**What to produce**
Set down, please, exactly the lines below that run from the line with "Pink PVC dress" to the line with "Eine Nahaufnahme eines", both lines included.

**Entries supplied**
######

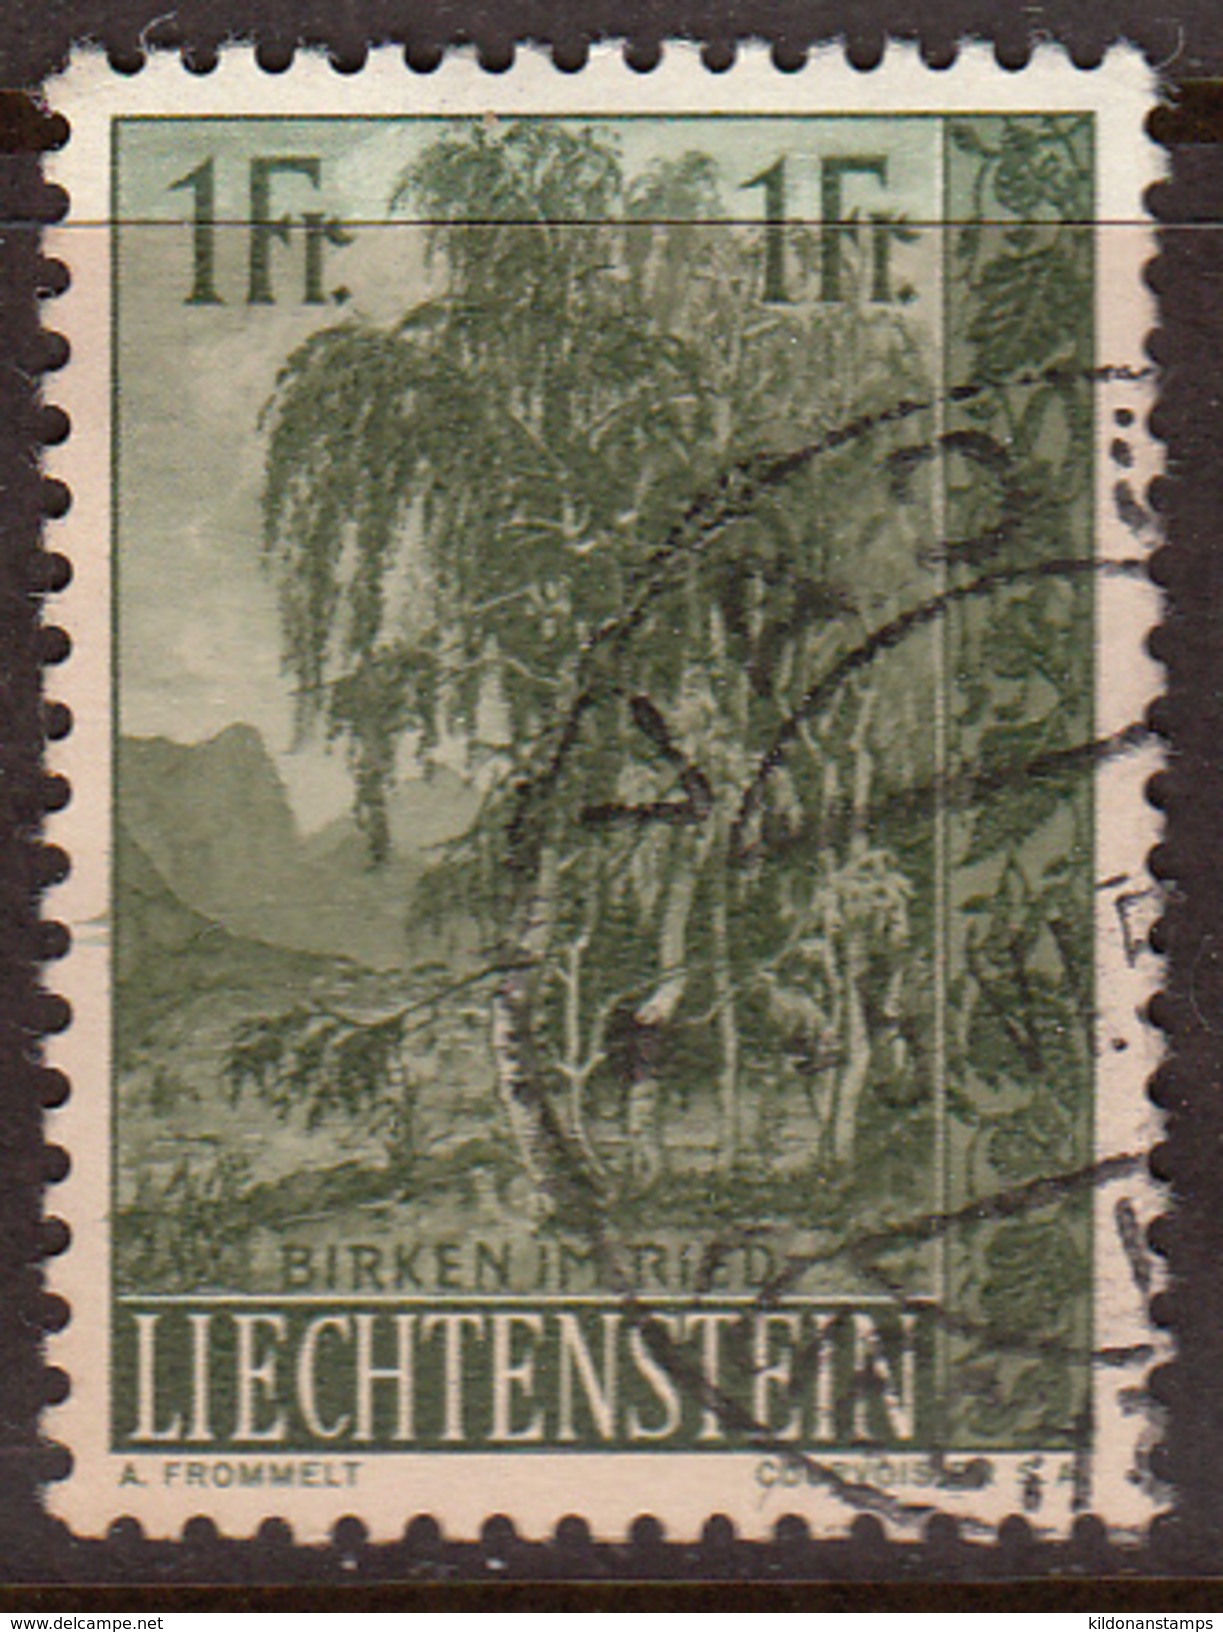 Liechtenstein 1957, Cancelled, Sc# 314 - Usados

######

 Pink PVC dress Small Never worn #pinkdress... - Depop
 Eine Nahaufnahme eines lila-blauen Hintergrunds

######

**Task response**
 Pink PVC dress Small Never worn #pinkdress... - Depop
 Eine Nahaufnahme eines lila-blauen Hintergrunds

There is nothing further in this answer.